You can also use the lockfile to make updating the hashes easier using nix flake lock --update-input flake-compat. Add the following to your flake.nix:

  inputs.flake-compat = {
    url = "github:edolstra/flake-compat";
    flake = false;
  };

and add flake-compat to the arguments of outputs attribute. Then you will be able to use default.nix like the following:

(import (
  let
    lock = builtins.fromJSON (builtins.readFile ./flake.lock);
  in fetchTarball {
    url = "https://github.com/edolstra/flake-compat/archive/${lock.nodes.flake-compat.locked.rev}.tar.gz";
    sha256 = lock.nodes.flake-compat.locked.narHash; }
) {
  src =  ./.;
}).defaultNix

Making your evaluations pure

Nix flakes run in pure evaluation mode, which is underdocumented. Some tips for now:

  • fetchurl and fetchtar require a sha256 argument to be considered pure.
  • builtins.currentSystem is non-hermetic and impure. This can usually be avoided by passing the system (i.e., x86_64-linux) explicitly to derivations requiring it.
  • Imports from channels like <nixpkgs> can be made pure by instead importing from the output function in flake.nix, where the arguments provide the store path to the flake's inputs:
 outputs = { self, nixpkgs, ... }:
  {
    nixosConfigurations.machine = nixpkgs.lib.nixosSystem {
      # Note that you cannot put arbitrary configuration here: the configuration must be placed in the files loaded via modules
      system = "x86_64-linux";
      modules = [
        (nixpkgs + "/nixos/modules/<some-module>.nix")
        ./machine.nix
      ];
    };
  };

The nix flakes command

The nix flake subcommand is described in command reference page of the unstable manual.

Using nix flakes with NixOS

nixos-rebuild switch will read its configuration from /etc/nixos/flake.nix if it is present.

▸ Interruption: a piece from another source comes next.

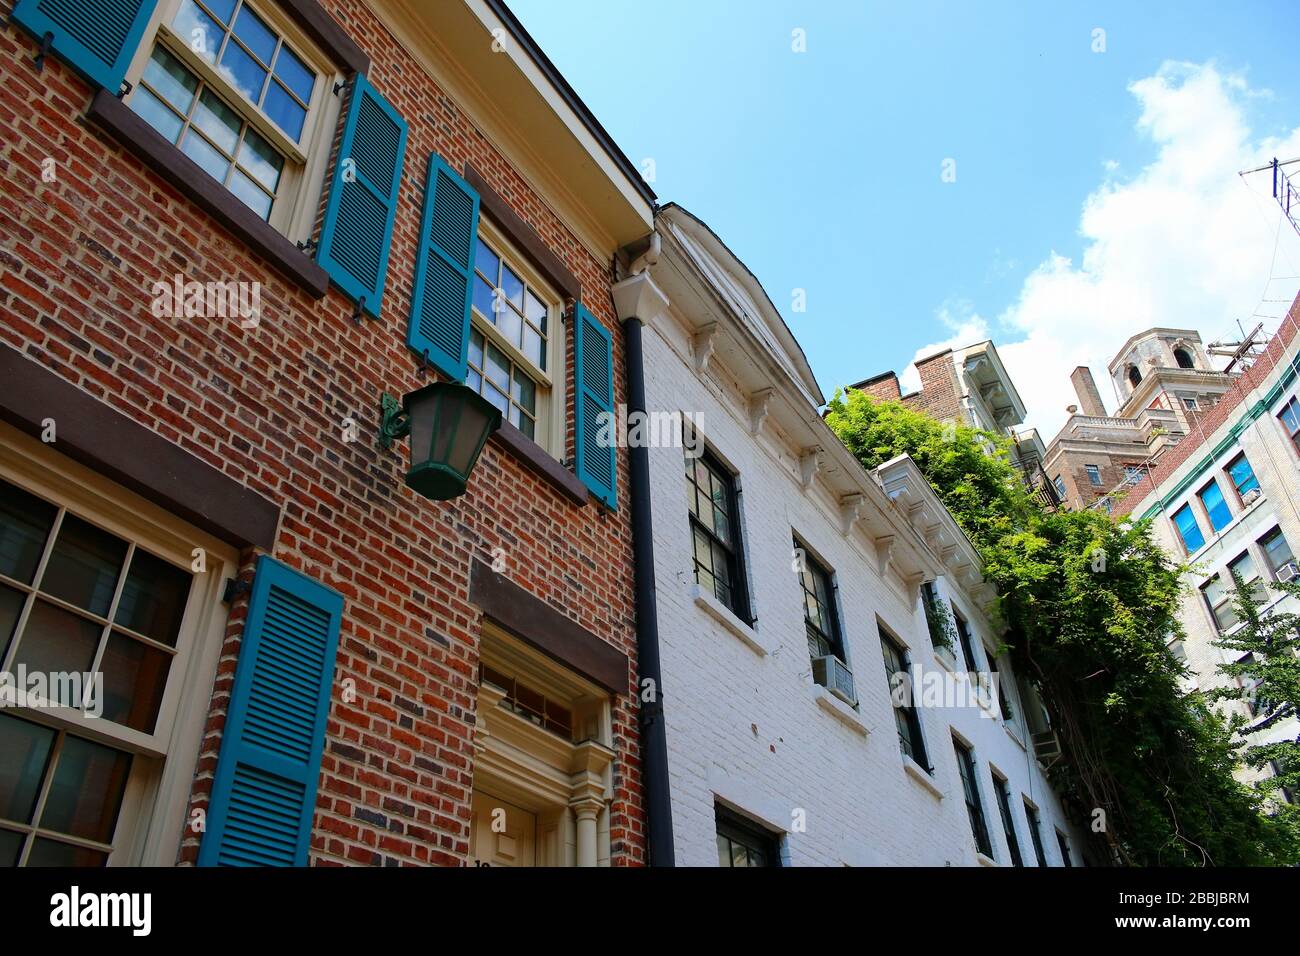 12 Gay Street is a former residence of depression-era Mayor of NYC Jimmy Walker, who ran a speakeasy there called Pirate's Den. Now, allegedly, it bel Stock Photo

A basic nixos flake.nix could look like this:

{
  outputs = { self, nixpkgs }: {
    # replace 'joes-desktop' with your hostname here.
    nixosConfigurations.joes-desktop = nixpkgs.lib.nixosSystem {
      system = "x86_64-linux";
      modules = [ ./configuration.nix ];
    };
  };
}

If you want to pass on the flake inputs to external configuration files, you can use the specialArgs attribute:

{
  inputs.nixpkgs.url = github:NixOS/nixpkgs;
  inputs.home-manager.url = github:nix-community/home-manager;
  
  outputs = { self, nixpkgs, ... }@attrs: {
    nixosConfigurations.fnord = nixpkgs.lib.nixosSystem {
      system = "x86_64-linux";
      specialArgs = attrs;
      modules = [ ./configuration.nix ];
    };
  };
}

Then, you can access the flake inputs from the file configuration.nix like this:

{ config, lib, nixpkgs, home-manager, ... }: {
  # do something with home-manager here, for instance:
  imports = [ home-manager.nixosModule ];
  ...
}

nixos-rebuild also allows to specify different flake using the --flake flag (# is optional):

$ sudo nixos-rebuild switch --flake '.#'

By default nixos-rebuild will use the currents system hostname to lookup the right nixos configuration in nixosConfigurations. You can also override this by using appending it to the flake parameter:

$ sudo nixos-rebuild switch --flake '/etc/nixos#joes-desktop'

To switch a remote configuration, use:

$ nixos-rebuild --flake .#mymachine \
  --target-host mymachine-hostname --build-host localhost \
  switch
Warning: Remote building seems to be broken at the moment, which is why the build host is set to “localhost”.

Super fast nix-shell

One of the nix feature of the Flake edition is that Nix evaluations are cached.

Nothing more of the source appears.